**RECORDED INFORMATION:**
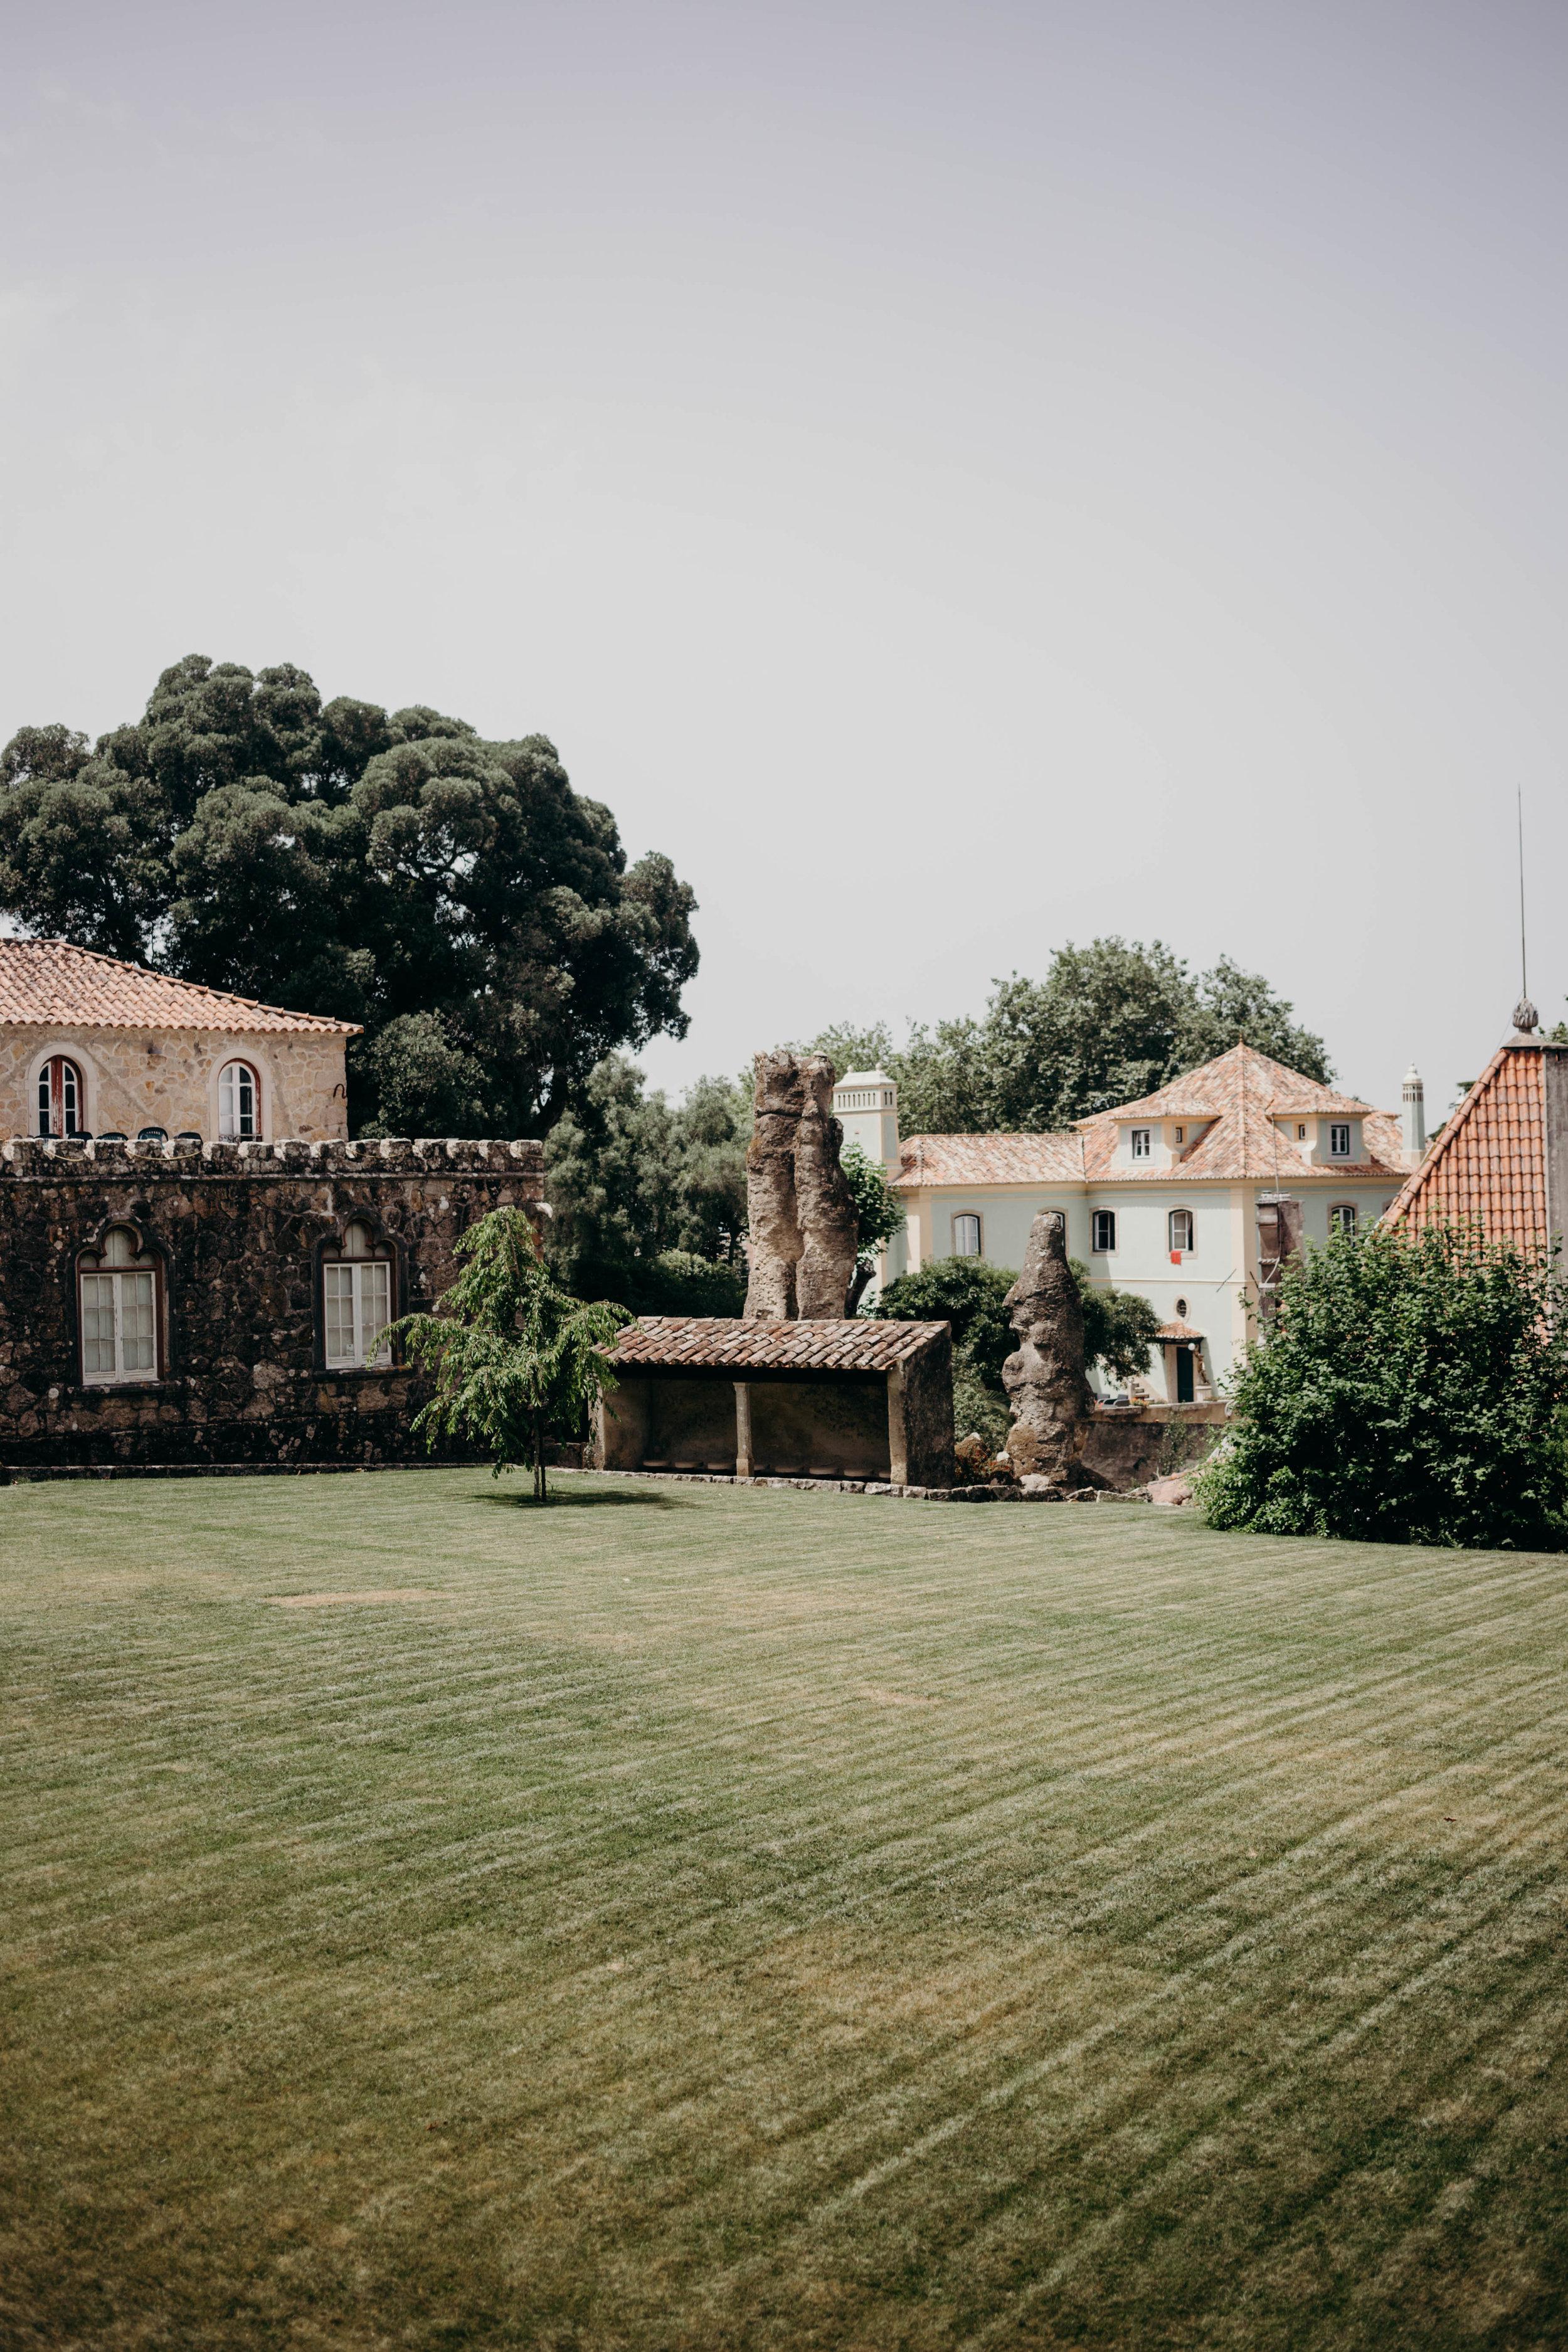 Our Portugal Travel Diary: Lisbon, Porto, and More | On the Street Where We Live (aretherelilactrees.com)  Sintra, Quinta da Regaleira
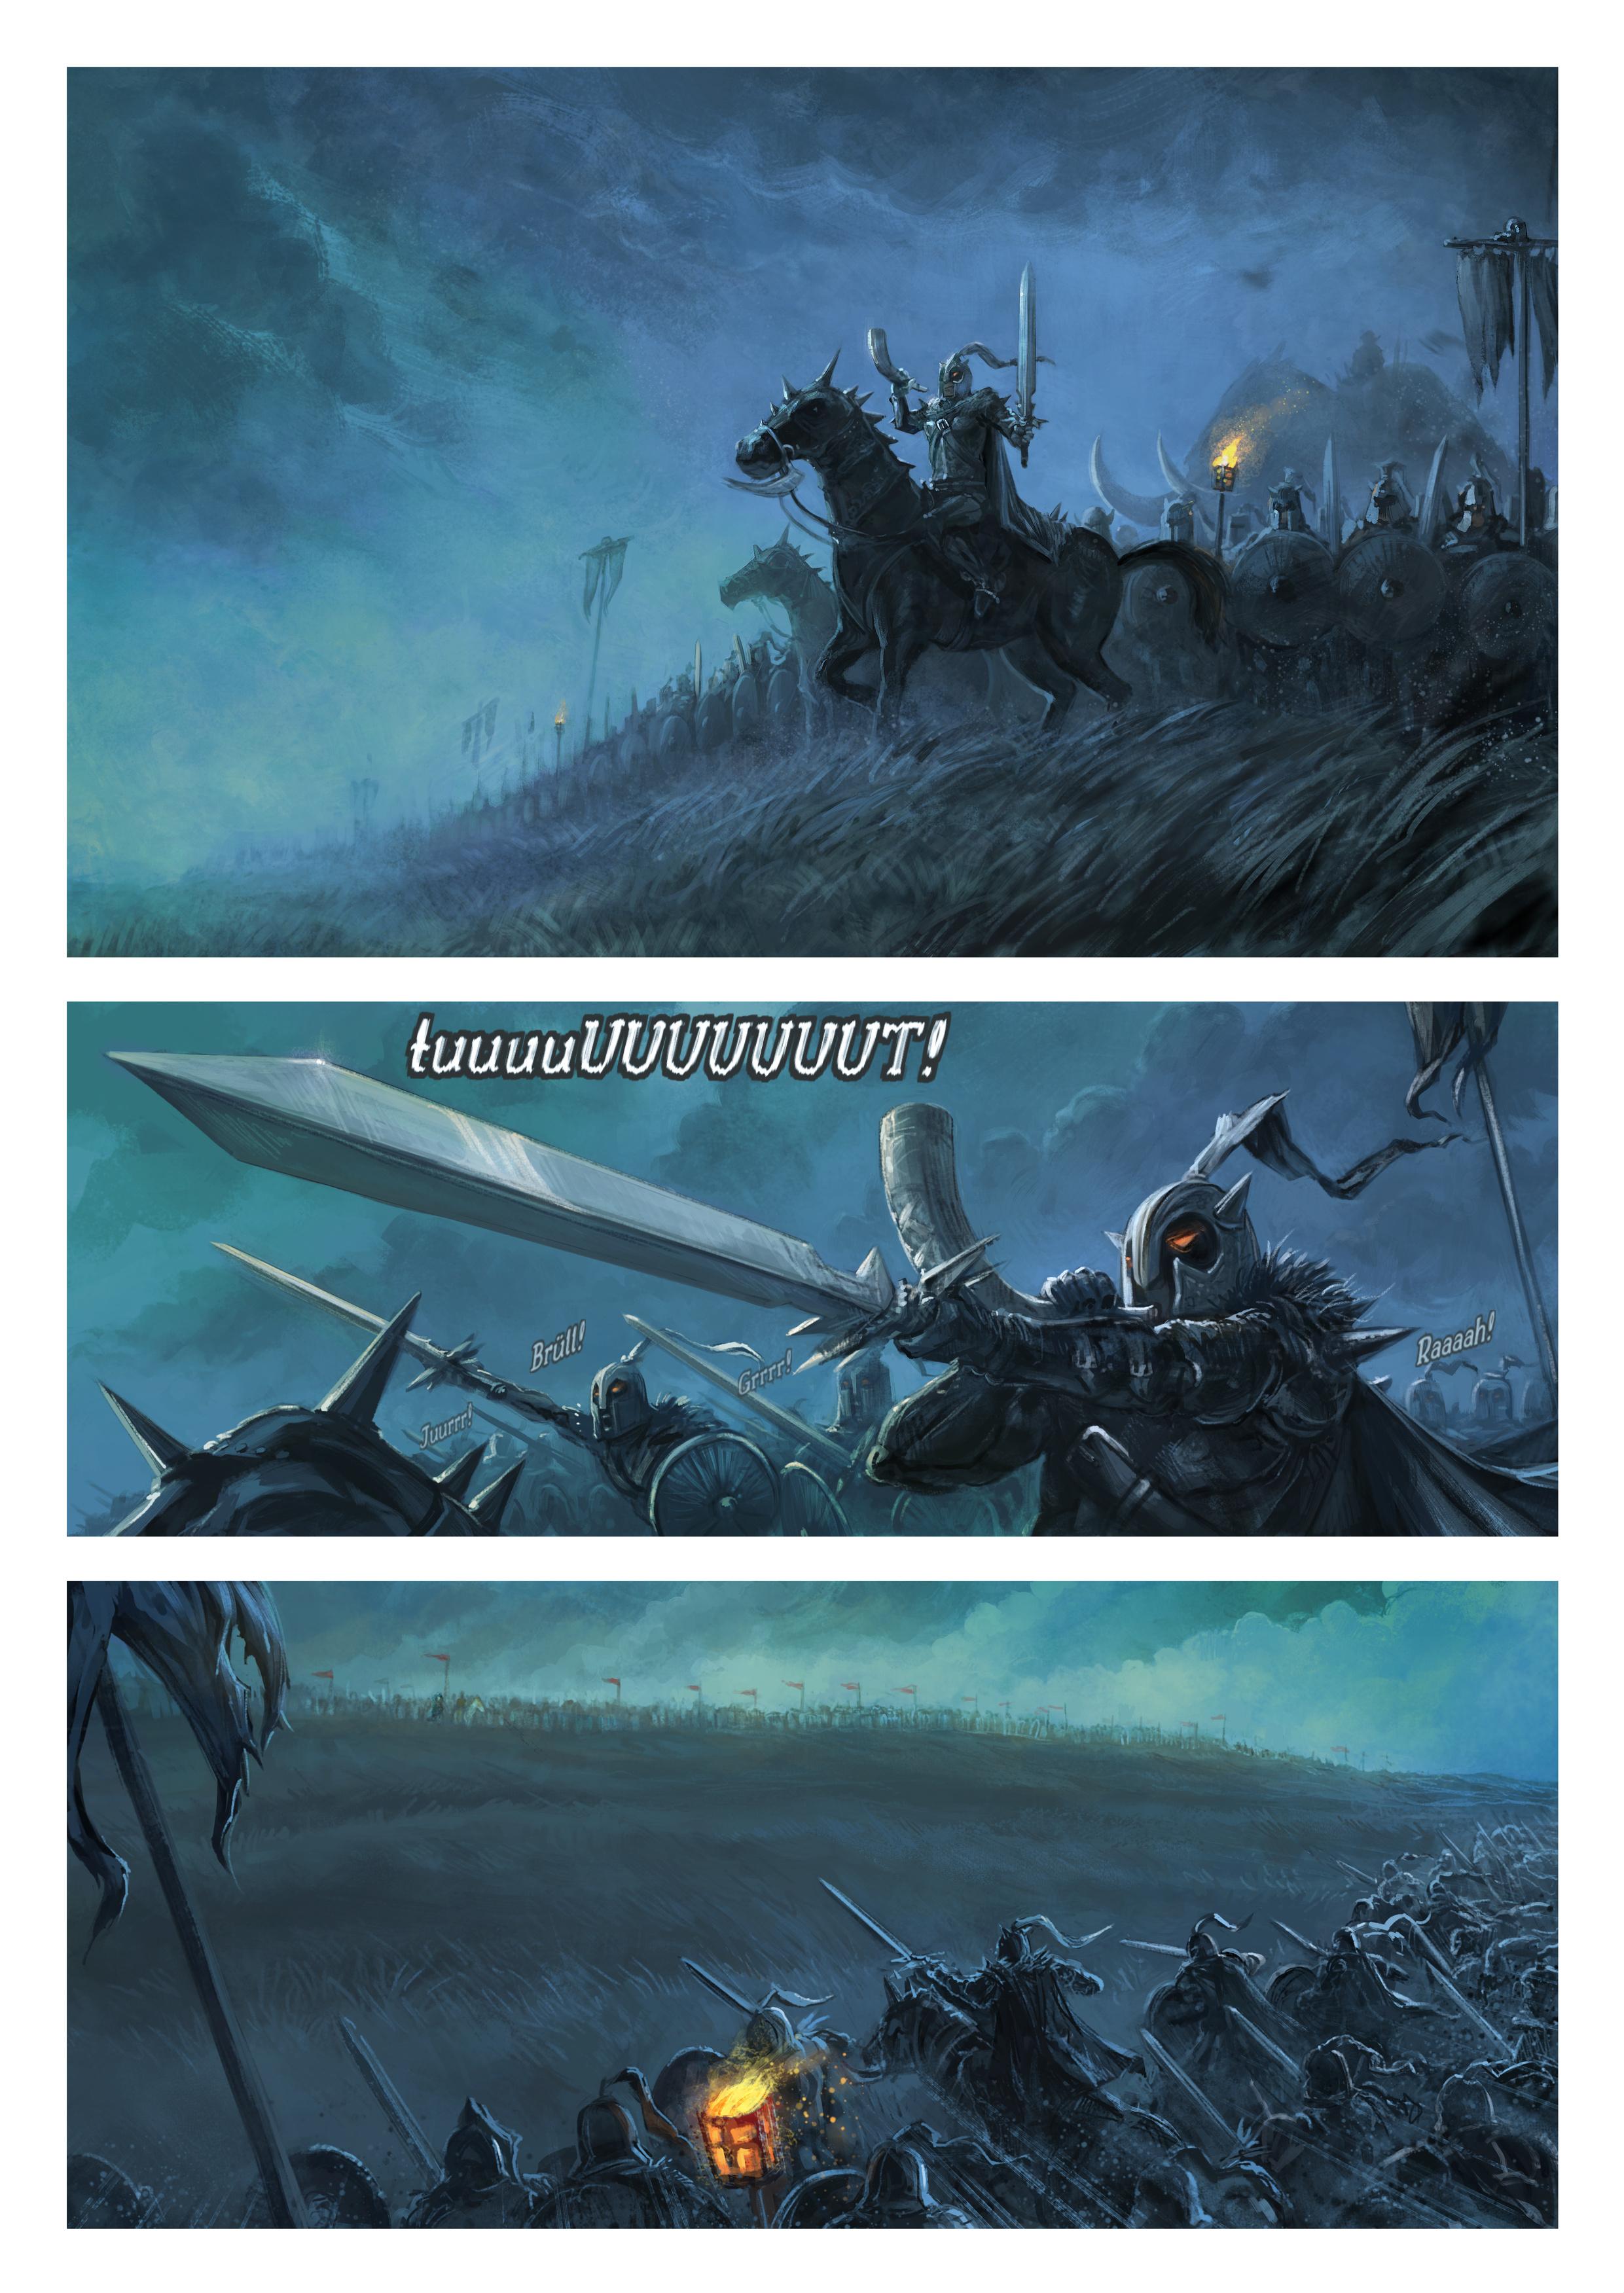 Episode 33: Zauberhafter Krieg, Page 1
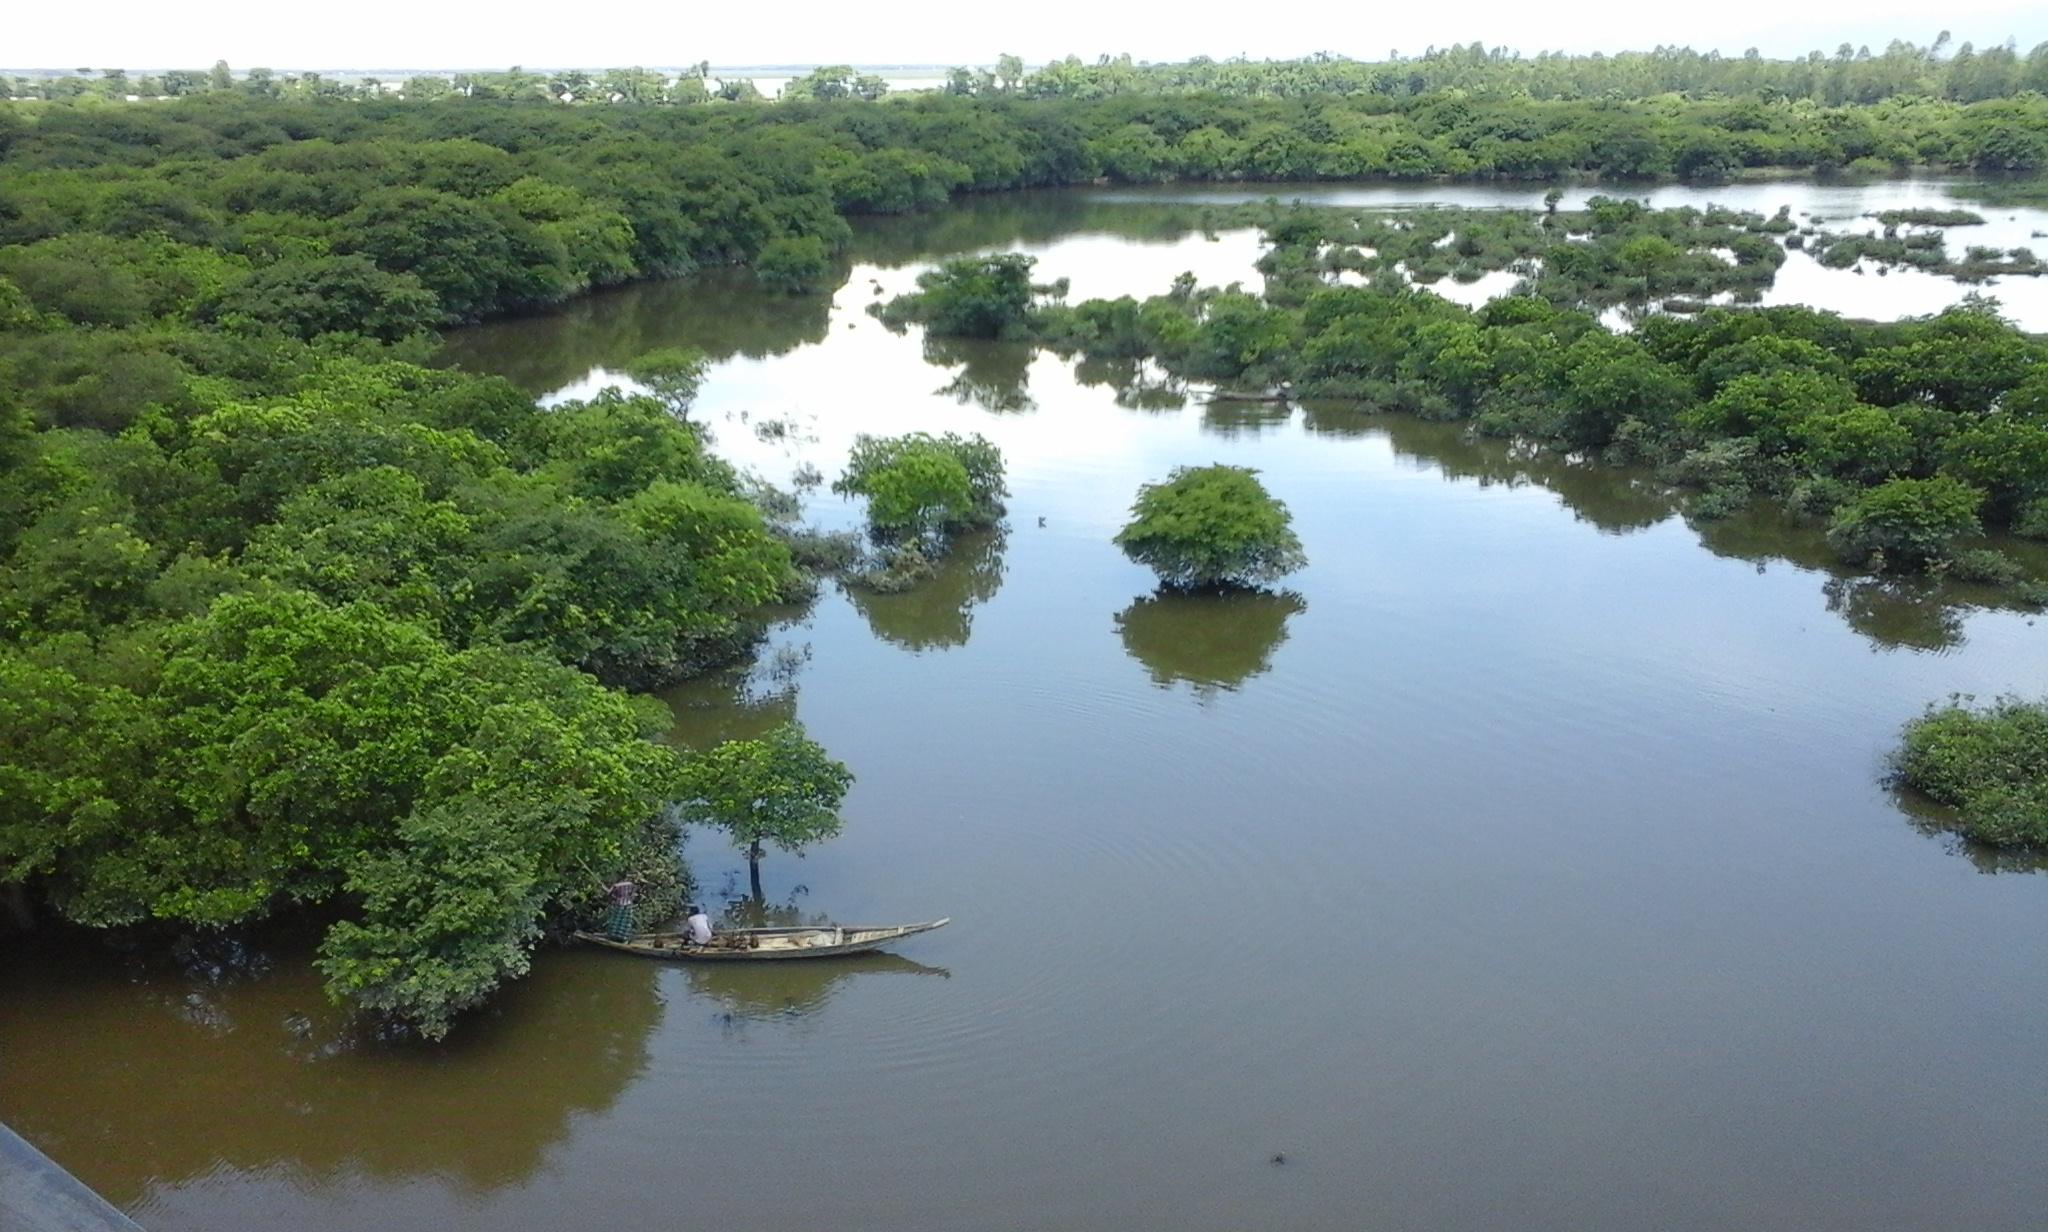 Wetland - Wikipedia

**WHAT NEEDS TO BE DONE:** Omitting the images, copy the listing exactly.

**TASK RESULT:**
 Our Portugal Travel Diary: Lisbon, Porto, and More | On the Street Where We Live (aretherelilactrees.com)  Sintra, Quinta da Regaleira
 Episode 33: Zauberhafter Krieg, Page 1
 Wetland - Wikipedia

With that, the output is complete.